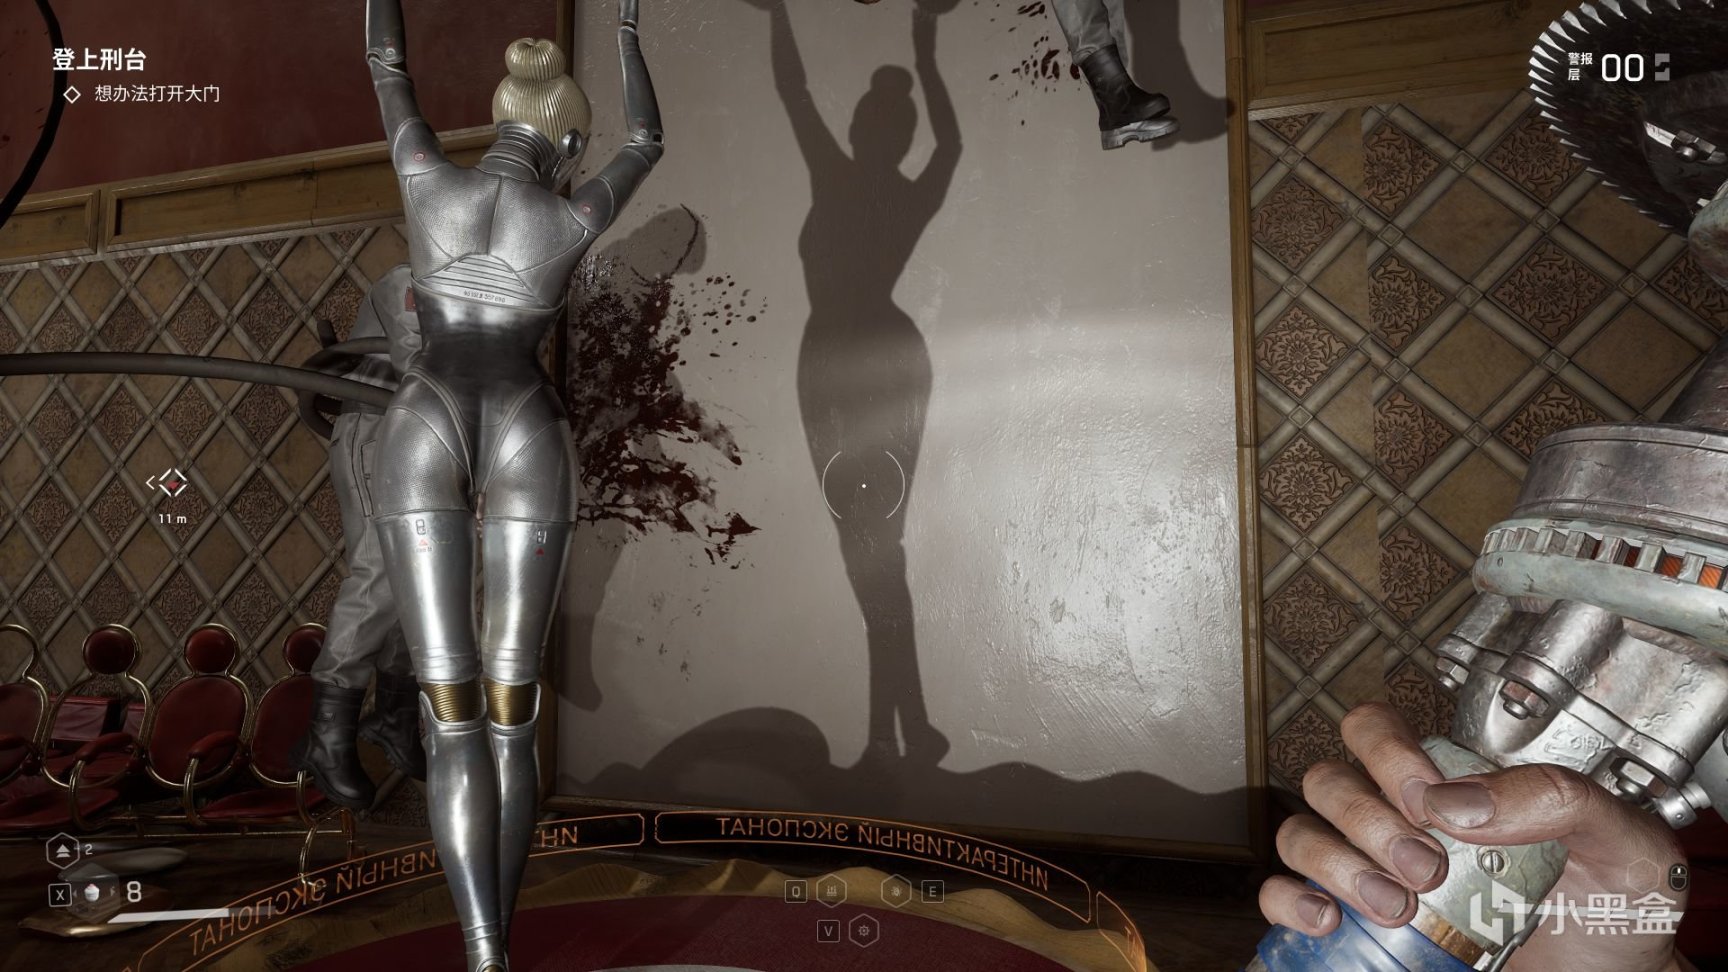 【PC游戏】诺拉小姐要生气了 欣赏《原子之心》机器芭蕾之美-第11张
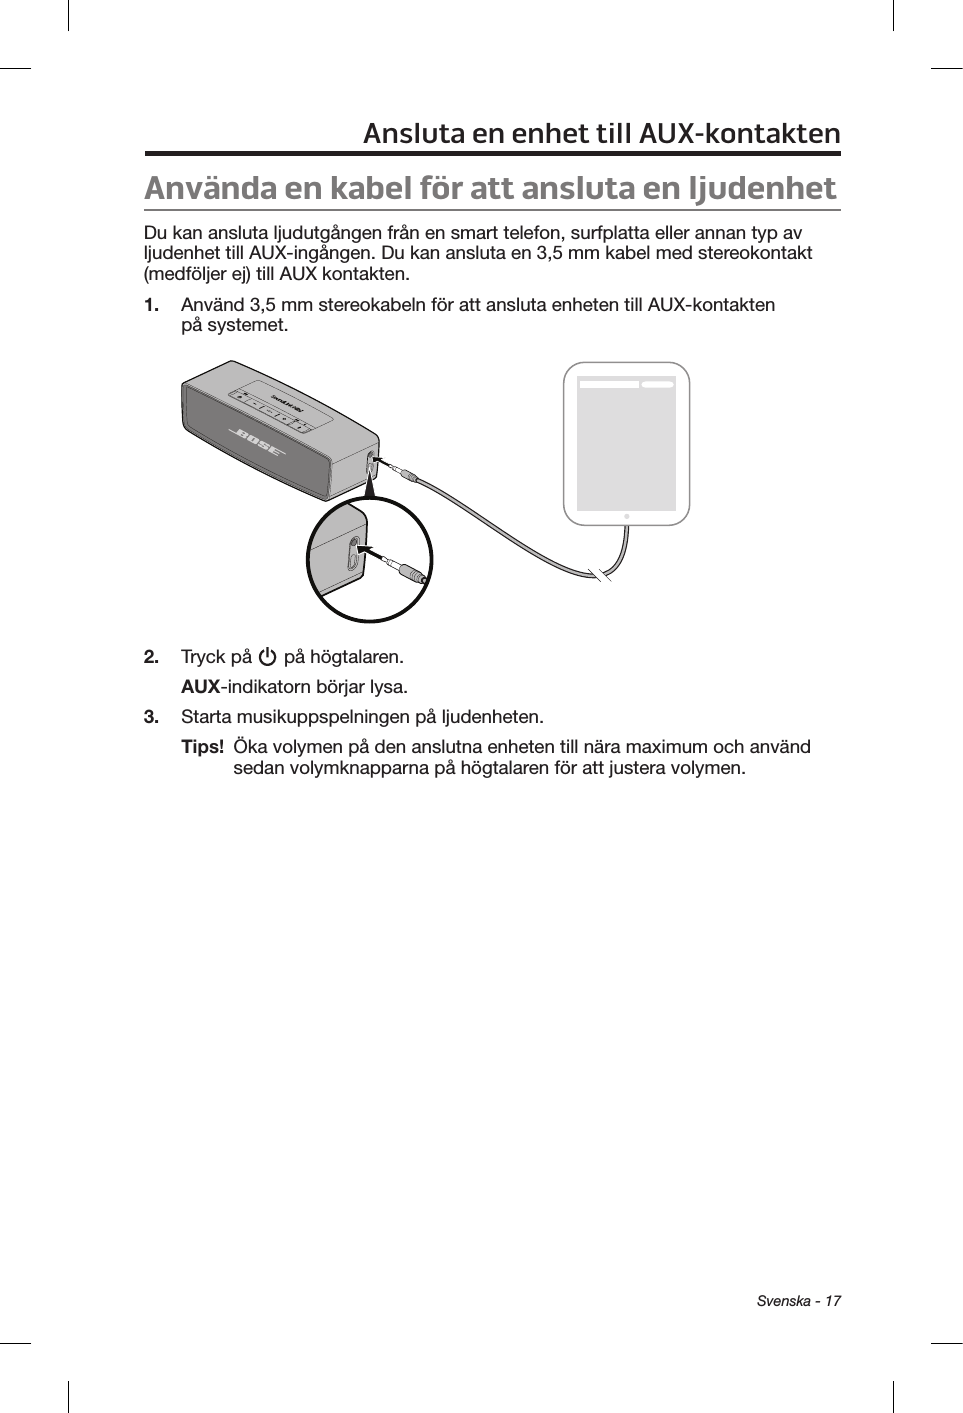  Svenska - 17Ansluta en enhet till AUX-kontaktenAnvända en kabel för att ansluta en ljudenhetDu kan ansluta ljudutgången från en smart telefon, surfplatta eller annan typ av ljudenhet till AUX-ingången. Du kan ansluta en 3,5 mm kabel med stereokontakt (medföljer ej) till AUX kontakten.1.  Använd 3,5 mm stereokabeln för att ansluta enheten till AUX-kontakten på systemet.2.  Tryck på   på högtalaren.AUX-indikatorn börjar lysa.3.  Starta musikuppspelningen på ljudenheten.Tips!   Öka volymen på den anslutna enheten till nära maximum och använd sedan volymknapparna på högtalaren för att justera volymen.
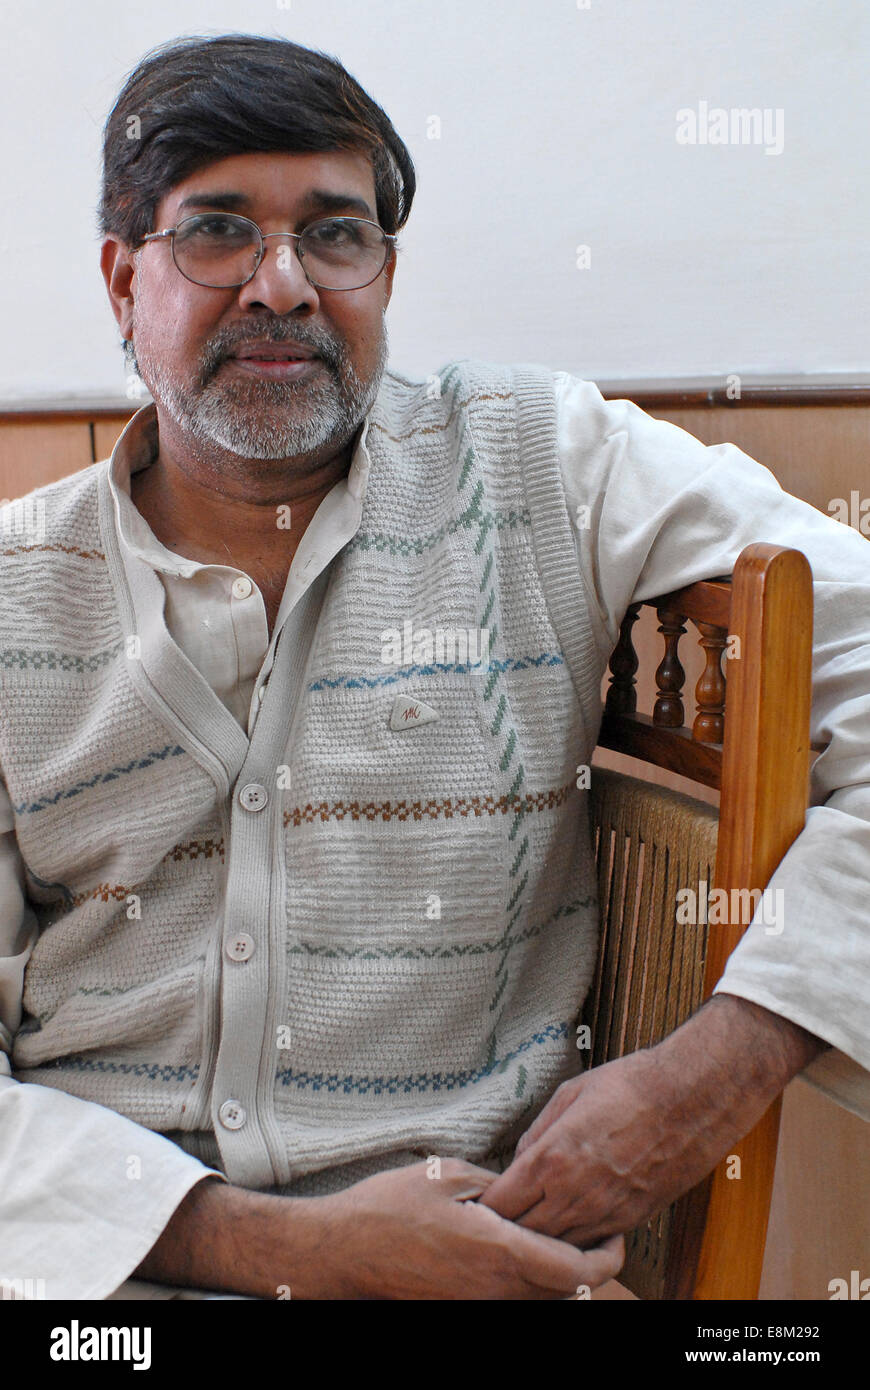 Indien Rajasthan, Bal Ashram für gerettete Kind Hilfsarbeiter, Menschenrechtler Kailash Satyarthi, Gründer und Leiter der NGO-BBA/SACCS, die für die Rechte der Kinder und gegen Kinderarbeit, wurde er 2014 mit dem Nobelpreis ausgezeichnet, Bilder, November 2006 Stockfoto
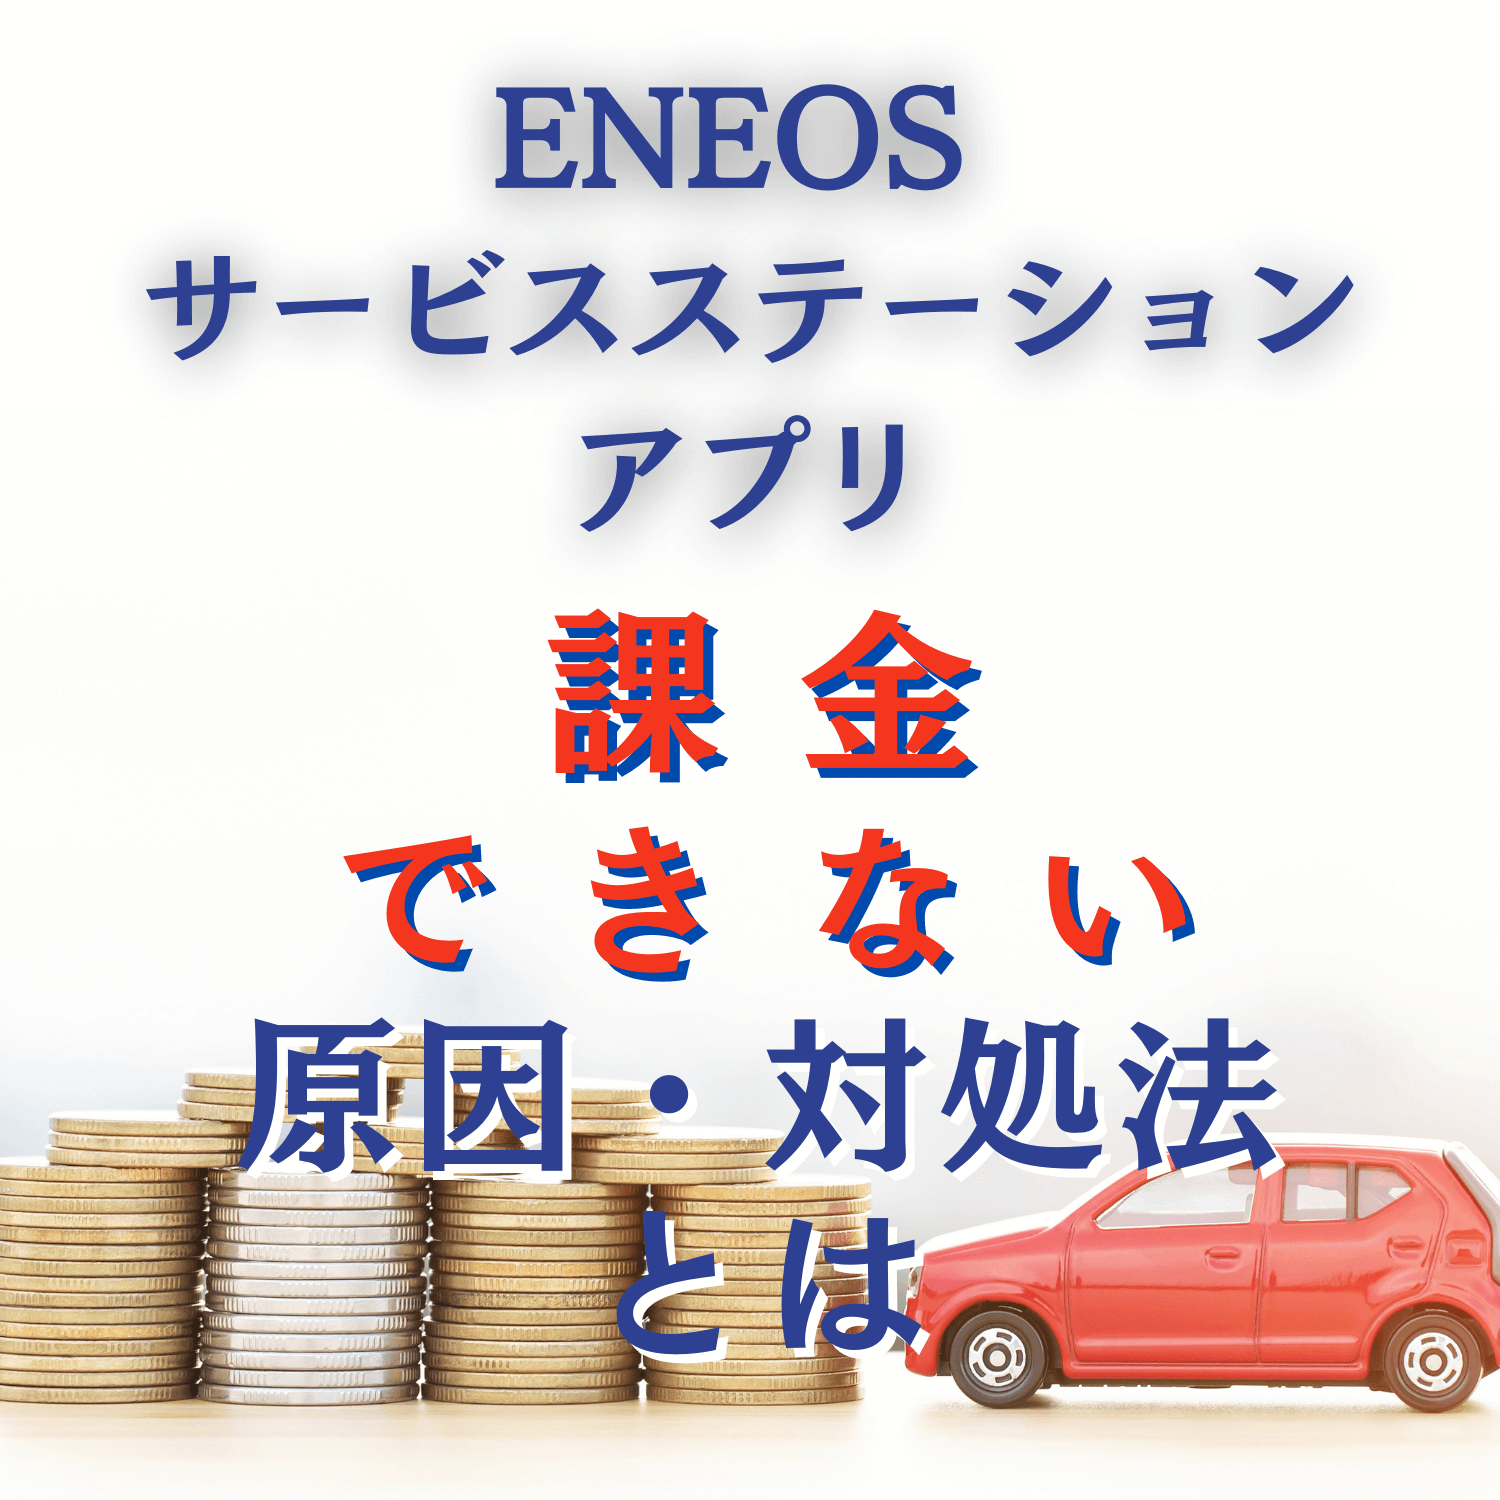 ENEOS サービスステーションアプリ(ENEOS)に課金できない原因と対処法とは #ENEOS

········

» **What you have to do**
With the pictures removed, return the full listing exactly as given.

» **Answer to this task**
 【PC游戏】诺拉小姐要生气了 欣赏《原子之心》机器芭蕾之美-第11张
  Svenska - 17Ansluta en enhet till AUX-kontaktenAnvända en kabel för att ansluta en ljudenhetDu kan ansluta ljudutgången från en smart telefon, surfplatta eller annan typ av ljudenhet till AUX-ingången. Du kan ansluta en 3,5 mm kabel med stereokontakt (medföljer ej) till AUX kontakten.1.  Använd 3,5 mm stereokabeln för att ansluta enheten till AUX-kontakten på systemet.2.  Tryck på   på högtalaren.AUX-indikatorn börjar lysa.3.  Starta musikuppspelningen på ljudenheten.Tips!   Öka volymen på den anslutna enheten till nära maximum och använd sedan volymknapparna på högtalaren för att justera volymen.
 Indien Rajasthan, Bal Ashram für gerettete Kind Hilfsarbeiter, Menschenrechtler Kailash Satyarthi, Gründer und Leiter der NGO-BBA/SACCS, die für die Rechte der Kinder und gegen Kinderarbeit, wurde er 2014 mit dem Nobelpreis ausgezeichnet, Bilder, November 2006 Stockfoto
 ENEOS サービスステーションアプリ(ENEOS)に課金できない原因と対処法とは #ENEOS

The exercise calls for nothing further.